ここで何が起きているのでしょうか
ここには、夫が妻の美しさをたたえる、最も長い歌のうちの二つが収められています。その二つの歌にはさまれるように、花婿と、その花嫁を慕う他の男たちとの短い争いが描かれています。
夫は妻の美しさを惜しみなくほめたたえます(雅歌 6:4)。

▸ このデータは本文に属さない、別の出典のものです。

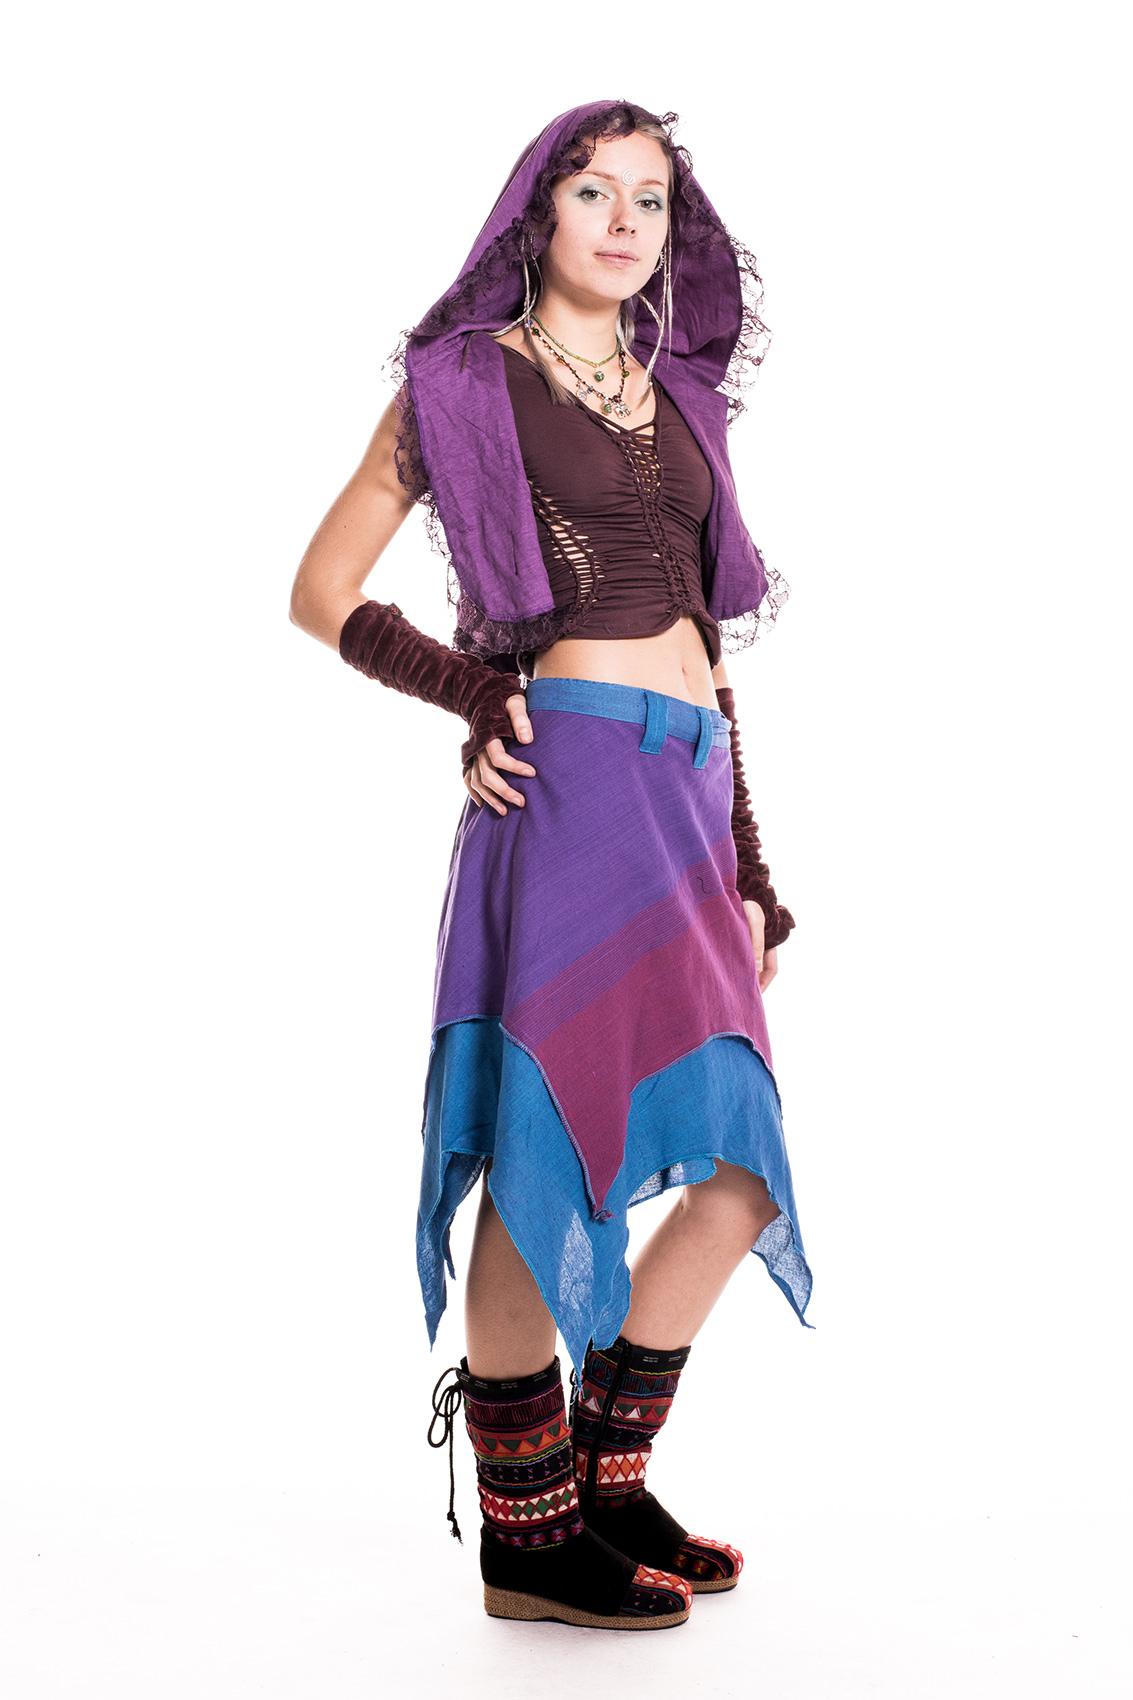 Trance Clothing Uk

流れるような髪、完璧な笑顔、ばら色の頬を、生き生きとした比喩で語ります(雅歌 6:7)。世界中のどの女性の中でも、夫にとって完全なのは彼女ただ一人なのです(雅歌 6:9)。
前回、花嫁の声を聞いたとき、彼女はひとりぼっちで、愛の園で自分を待っている花婿を探し求めていました(雅歌 6:2)。今、花嫁はその園にいる夫のもとへ向かいます(雅歌 6:11)。
すると、まるでどこからともなく、他の男たちの遠い呼び声が聞こえてきます。園を出て、以前の暮らしへ帰ってくるようにと懇願する声です。男たちは自分たちのもとに戻り、踊ってみせてほしいとまで願います(雅歌 6:13a)。
しかし夫が彼女を守るために立ち上がります(雅歌 6:13b)。夫は、親密な賛美のことばを重ねながら、彼女の心を再び二人の園へと向けさせます(雅歌 7:1)。そしてここでは、ただ美しさをほめるだけでなく、彼女を慕う自分の思いを打ち明けているのです(雅歌 7:8)。
花嫁はついにこう答えます。「私は愛する方のもの。あの方は私を慕っていてくださる」(雅歌 7:10)。このことばは、神がイブに告げた「のろい」のことばを逆転させたものです。あのエデンの園で、神はイブに「あなたは夫を慕い、彼はあなたを支配する」と言われました(創世記 3:16)。しかし今や、男が女を慕い、二人は対等な関係に置かれているのです(雅歌 6:3)。
この真理は、この女性が「シュラムの娘」と呼ばれているところにも表れています。それはソロモンという名の女性形なのです。ソロモンもシュラムも、どちらも平和、すなわち全き状態を意味する「平和」ということばから来ています。二つの部分が一つに結び合わされるとき、そこに平和が見いだされるのです。
福音はどこにあるのでしょうか
私たちの注意を引こうとする声があまりにも多いとき、神が惜しみなく私たちをほめてくださる声や、歌をもって喜んでくださる声を聞き取るのは難しいものです(ゼパニヤ書 3:17)。あの花嫁のように、私たちも文化や娯楽、あるいは過去の生活の声によって、神とともに過ごすひとときからたやすく、しかも突然に引き離されてしまいます。
それらの声は、神の愛という心に描かれた園を出て、かつて自分の価値や愛を確かめていたやり方に、もう一度身を投げ出すようにと語りかけます。神が「あなたは美しい」と言われるとき、その声は他人との比較によって神の声をかき消します。神が「あなたを慕っている」と言われるとき、その声は「そんな愛など存在しない」と告げるのです。
けれども私たちは、夫であるイエスの、より真実な声に耳を傾ける必要があります。あの女性(シュラム)が王の名(ソロモン)を与えられたように、私たちにはさらに偉大な王が与えられています。それがイエスです(マタイの福音書 12:42)。
イエスは全地の王であられるのに、私たちを自分の花嫁と呼んでくださいます(ヨハネの黙示録 19:7)。イエスが私たちを、輝いていて、聖く、責められるところがなく、しみもしわも傷もない者と呼んでくださるとき、その声こそがより真実なのだと知ることができるのです(エペソ人への手紙 5:27)。
イエスは私たちを慕うことによって、あののろいを覆されました(ヨハネの手紙Ⅰ 4:19)。自分など誰にも求められていないと感じ、神が遠くにおられるように思えるとき、イエスが私たちを慕っておられるという事実は良い知らせです。しかもイエスは、十字架で私たちのために死んでくださることによって、その大きな愛を示されました(ローマ人への手紙 5:8)。私たちは世の声から逃れ、神とともにあの園へ帰ることができます。そこでついに、真の平和、まことの平和が見いだされるのです。なぜなら私たちは、夫であるイエスと一つにされたからです(ヨハネの福音書 17:21)。
ご自分の目で確かめてみましょう
聖霊が目を開いてくださり、あなたを慕っておられる神を見ることができるように祈ります。そして、その愛と慕う思いのゆえに十字架まで歩んでくださったイエスを、見つめることができますように。